RECALLING PAST REGIME CHANGES
Trump’s comments about an open-ended military presence in Venezuela echoed the rhetoric around past invasions in Iraq and Afghanistan, both of which ended in American withdrawals after years of costly occupation and thousands of U.S. casualties.
He said on Saturday that as president, including his first term, he has overseen military actions that were “only victories.” But none of those involved removing another country’s leader.
Trump in the past criticized such interventions, calling the Iraq invasion “a big fat mistake” during a 2016 presidential debate, and saying in 2021 that he was “especially proud to be the first president in decades who has started no new wars.”
Before Saturday, the U.S. had not made such a direct intervention in the region since the invasion of Panama 37 years ago to depose military leader Manuel Noriega over allegations that he led a drug-running operation. The United States has leveled similar charges against Maduro, accusing him of running a “narco-state” and rigging the 2024 election.
Maduro, a 63-year-old former bus driver handpicked by the dying Hugo Chavez to succeed him in 2013, has denied those claims and said Washington was intent on taking control of his nation’s oil reserves.
Trump’s action recalls the Monroe Doctrine, laid out in 1823 by President James Monroe, laying U.S. claim to calling the shots in the region, as well as the “gunboat diplomacy” seen under President Theodore Roosevelt in the early 1900s.
Trump nodded to the comparisons during his press conference, suggesting an updated version of it might be called the “Donroe Doctrine.”
While various Latin American governments oppose Maduro and say he stole the 2024 vote, Trump’s boasts about controlling Venezuela and exploiting its oil revive painful memories of past U.S. interventions in Latin America that are generally opposed by governments and people in the region.
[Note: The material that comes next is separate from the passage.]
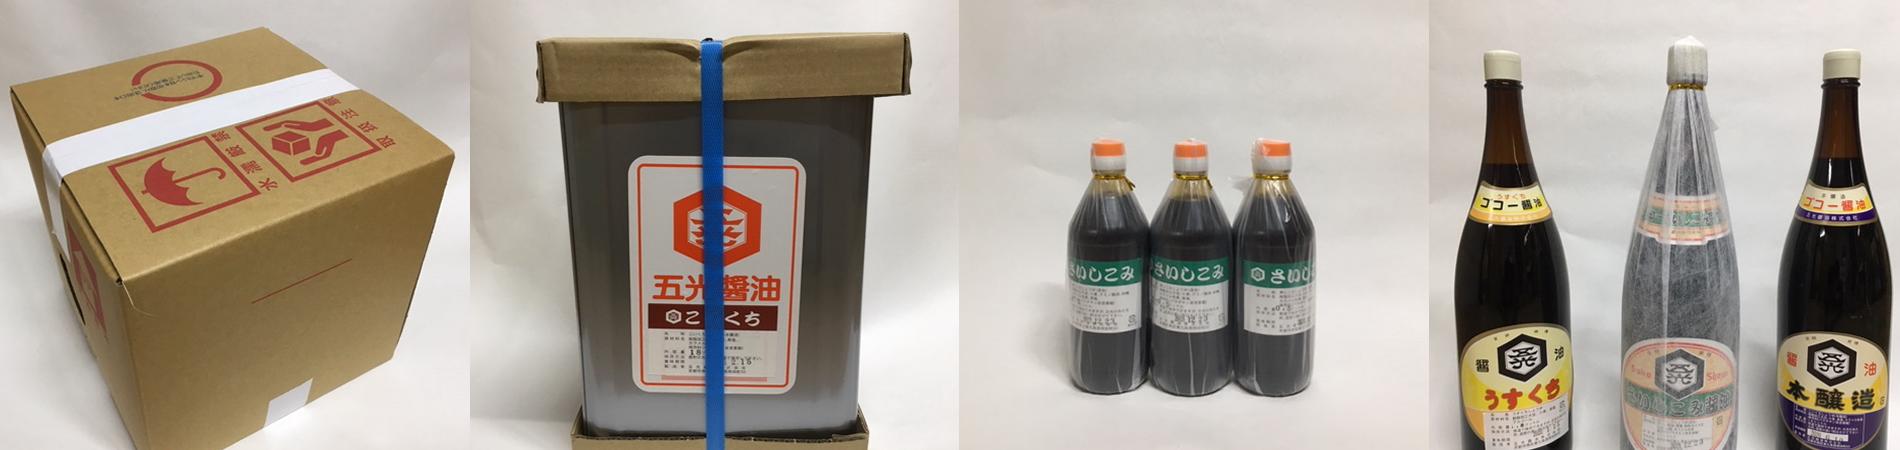 五光醤油株式会社

Argentina’s President Javier Milei lauded Venezuela’s new “freedom” while Mexico condemned the intervention and Brazil’s President Luiz Inacio Lula da Silva said it crossed “an unacceptable line.”
Russia and China, both major backers of Venezuela, criticized the U.S. action.
“China firmly opposes such hegemonic behaviour by the U.S., which seriously violates international law, violates Venezuela’s sovereignty, and threatens peace and security in Latin America and the Caribbean,” China’s foreign ministry said.
POLITICAL RISKS TO TRUMP AT HOME
A U.S. occupation “won’t cost us a penny” because the United States would be reimbursed from the “money coming out of the ground,” Trump said, referring to Venezuela’s oil reserves, a subject he returned to repeatedly during Saturday’s press conference.
The idea that a country’s oil reserves can pay for an American invasion also recalls the 2003 Iraq war. In the run-up to the invasion, U.S. officials repeatedly stated that the cost would largely be covered by Iraq’s assets, including its oil. Various estimates by academics say the actual cost to the United States of its years-long entanglement in Iraq ended up being at least $2 trillion.
Trump’s focus on foreign affairs provides fuel for Democrats to criticize him ahead of midterm congressional elections in November, when control of both houses of Congress is at stake. Republicans control both chambers by narrow margins.
Opinion polls show the top concern for voters is high prices at home, not foreign policy.
Trump also runs the risk of alienating some of his own supporters, who have backed his “America First” agenda and oppose foreign interventions.
Voicing those concerns, Marjorie Taylor Greene, a Georgia Republican who has broken with Trump in recent months, said on social media, “This is what many in MAGA thought they voted to end. Boy were we wrong.”